Peygamber efendimiz, asr-ı saadette kalbi, ruhi, vicdani bir inkılap gerçekleştirmiştir. Bu inkılabı gerçekleştirirken O’nun en önemli parolası, “Merhamet ediniz ki merhamet olunasınız.” olmuştur. O kılıç kullanarak, şiddet ve baskıyla bir dönüşüm gerçekleştirmemiştir. Tam tersi bu müthiş inkılap, şefkat temelinde gerçekleşmiştir. Zaten insanlık tarihinde insanlığı etkileyen bütün fikir akımlarına bakıldığında ancak şefkatle gerçekleştirilen ve hak dinden beslenenler kalıcı ve uzun ömürlü olmuştur. Bunun haricindekiler zorbalık, kanunsuzluk ve zulüm temelinde olduğu için ömürleri az olmuş ve insanlığın başına bela olmuştur. Bu mesele Risale-i Nur’da İşaratü’l-İ’caz isimli eserde şöyle geçer, “Tehditlerle, korkularla, hilelerle efkar- ammeyi başka bir mecraya çevirmek mümkün olur. Fakat tesiri cüz’idir, sathidir, muvakkat olur. Ama irşadıyla kalplerin derinliklerine kadar nüfuz etmek, hissiyatın en inceliklerine kadar nüfuz etmek, hissiyatın en incelerini heyecana getirmek, istidatların inkişafına yol açmak, ahlak-ı aliyeyi tesir ve alçak huyları imha ve izale etmek, cevher-i insaniyetten perdeyi kaldırıp hakikati teshir etmek, hürriyet-i kelama serbesti vermek ancak Resul-i Ekremin getirdiği şeriatle mümkün olmuştur.

Bugün Peygamber efendimizin şefkat eğitiminden geçmeye ne çok ihtiyaç vardır. Çünkü o öyle bir zamanda insanlığa gönderilmiştir ki, vahşetin, zulmün, cehaletin en koyu zamanlarıdır. Bugün de aynı vahşet, cehalet, zulüm ahir zamanın bir özelliği olarak kol gezmektedir. Peygamber efendimiz nasıl cahiliye dönemini asr-ı saadete çevirmiş ise, bugün O’nun getirdiklerini uygulamakla bizler de asrın içinde bir bahar açmaya vesile olabiliriz.

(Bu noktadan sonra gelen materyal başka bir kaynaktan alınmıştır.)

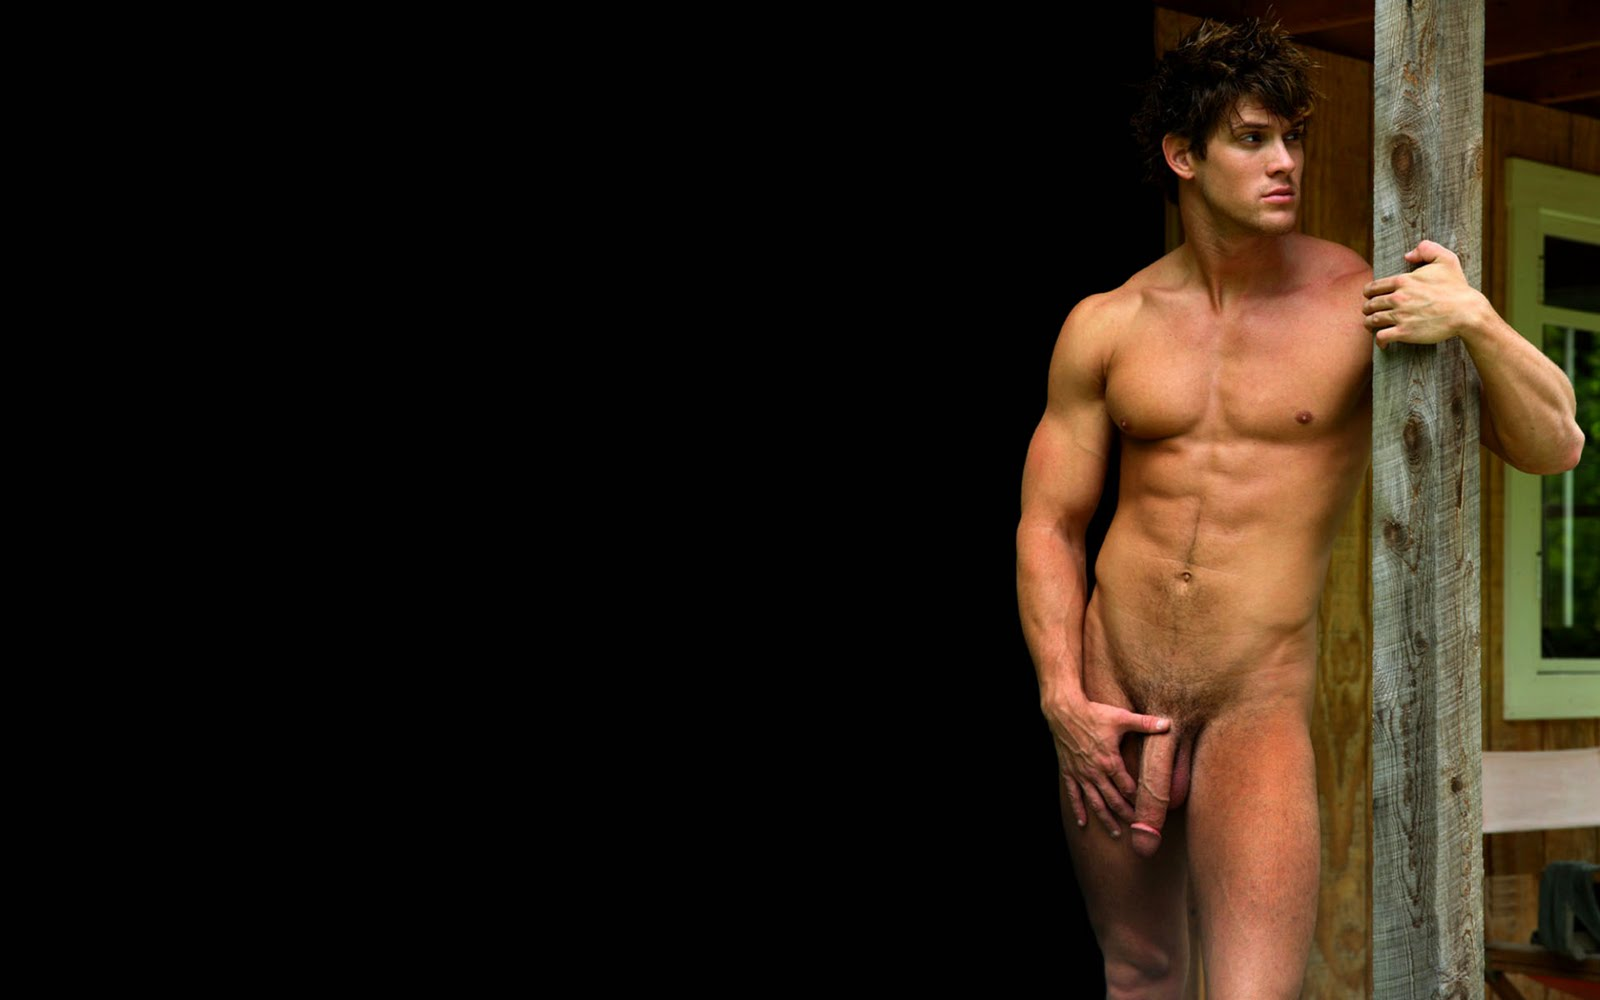 вот, после фотографии голых мужчин полностью и видео кто визжит правах
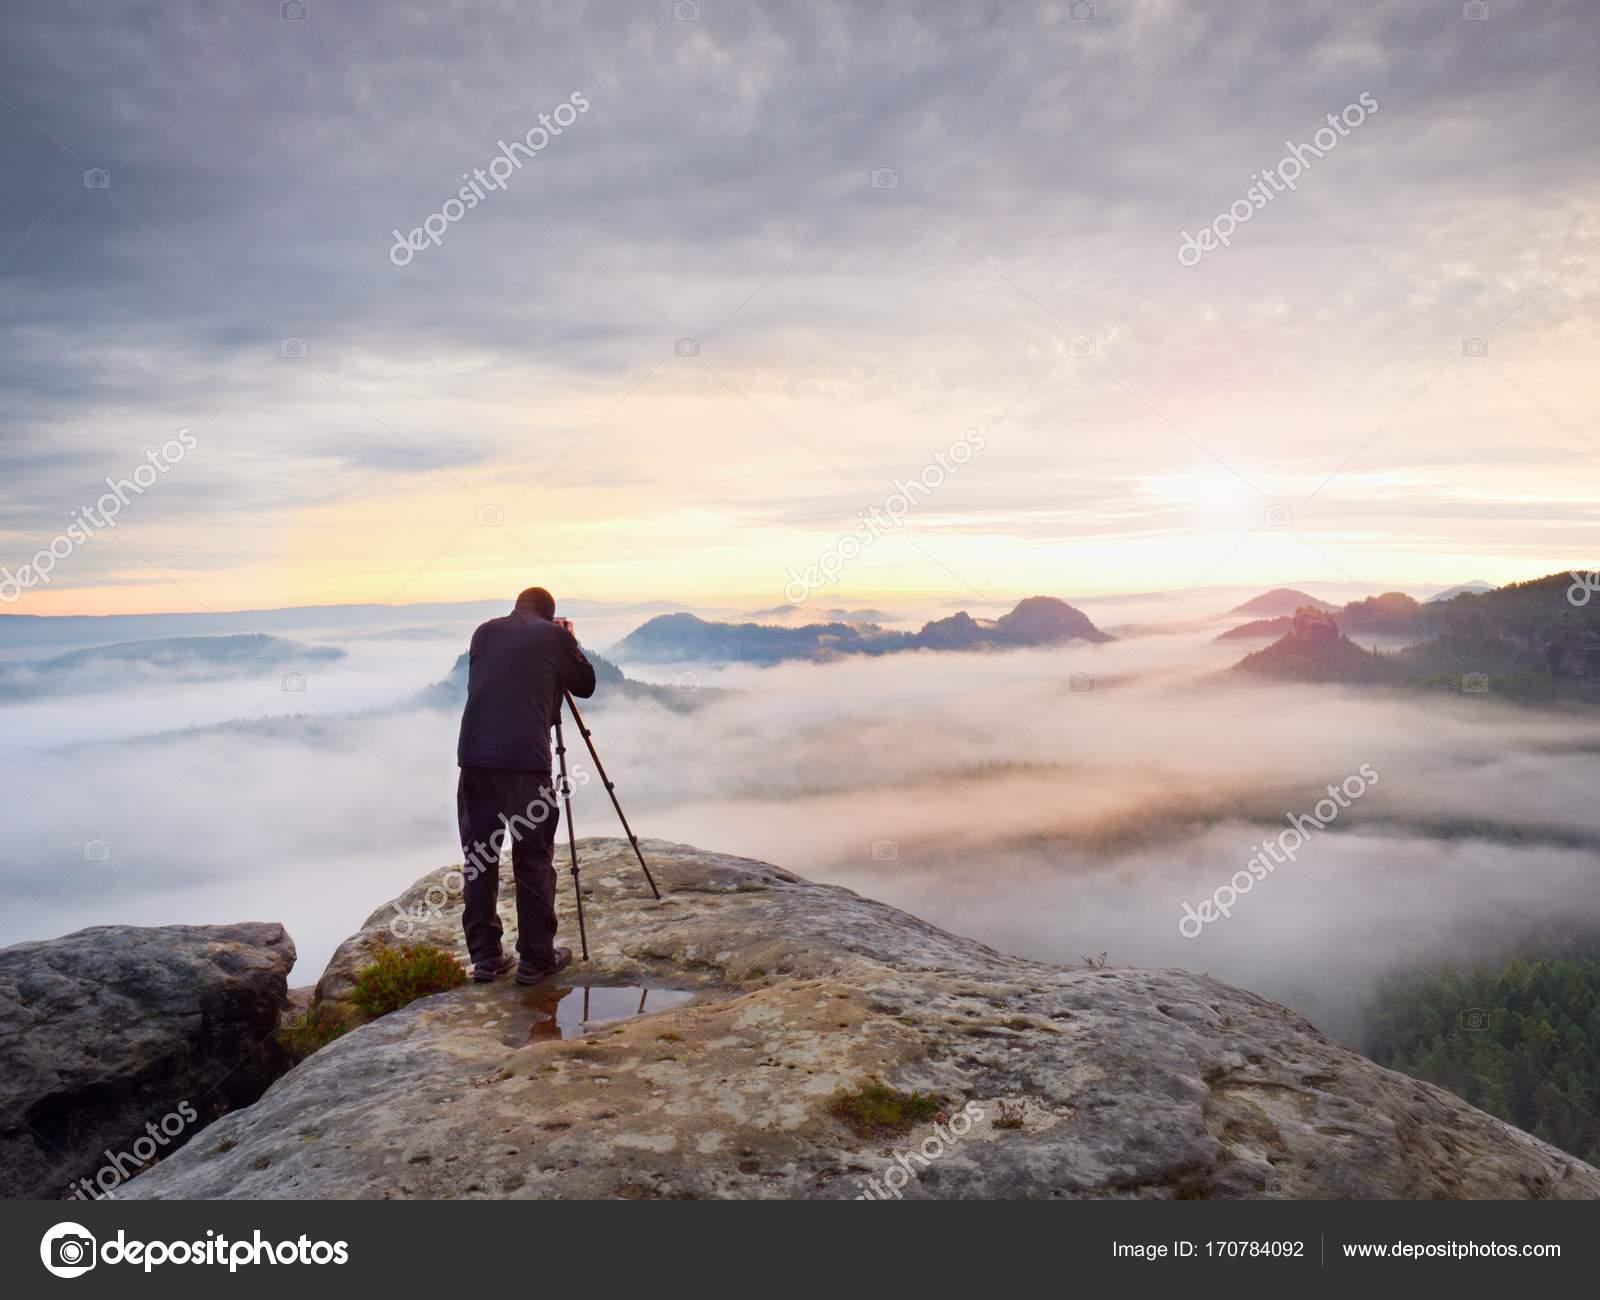 Fotograf Rahmung Bild mit Sucher im Auge. Foto-Enthusiasten genießen ...

Şefkat hissi iman ile anlam kazanan ve hakiki değerini bulan bir histir. İman ile şiddet hisleri kontrol altına alınabilir. Yine iman ile temizlenen şiddet tohumları yerine şefkat ile tezyin yapılabilir.

Bugün toplumların problemleri üzerinde kafa yoran sosyologlar, siyasiler, eğitimciler vs. şefkat hislerini inkişaf ettirmeden netice alamayacakları muhakkaktır. Fertlerin şefkatleri olduğu gibi kurumların ve hatta devletin de şefkati olmalıdır. Şefkatini adalet manasında, eşitlik, hak ve hürriyetler manasında vatandaşlarına hissettirmelidir.  Aksi halde anarşi, terör ve her türlü ahlaksızlık yaygınlaşacak, çıkarılan kanunlar da, hapishaneler de bir işe yaramayacaktır.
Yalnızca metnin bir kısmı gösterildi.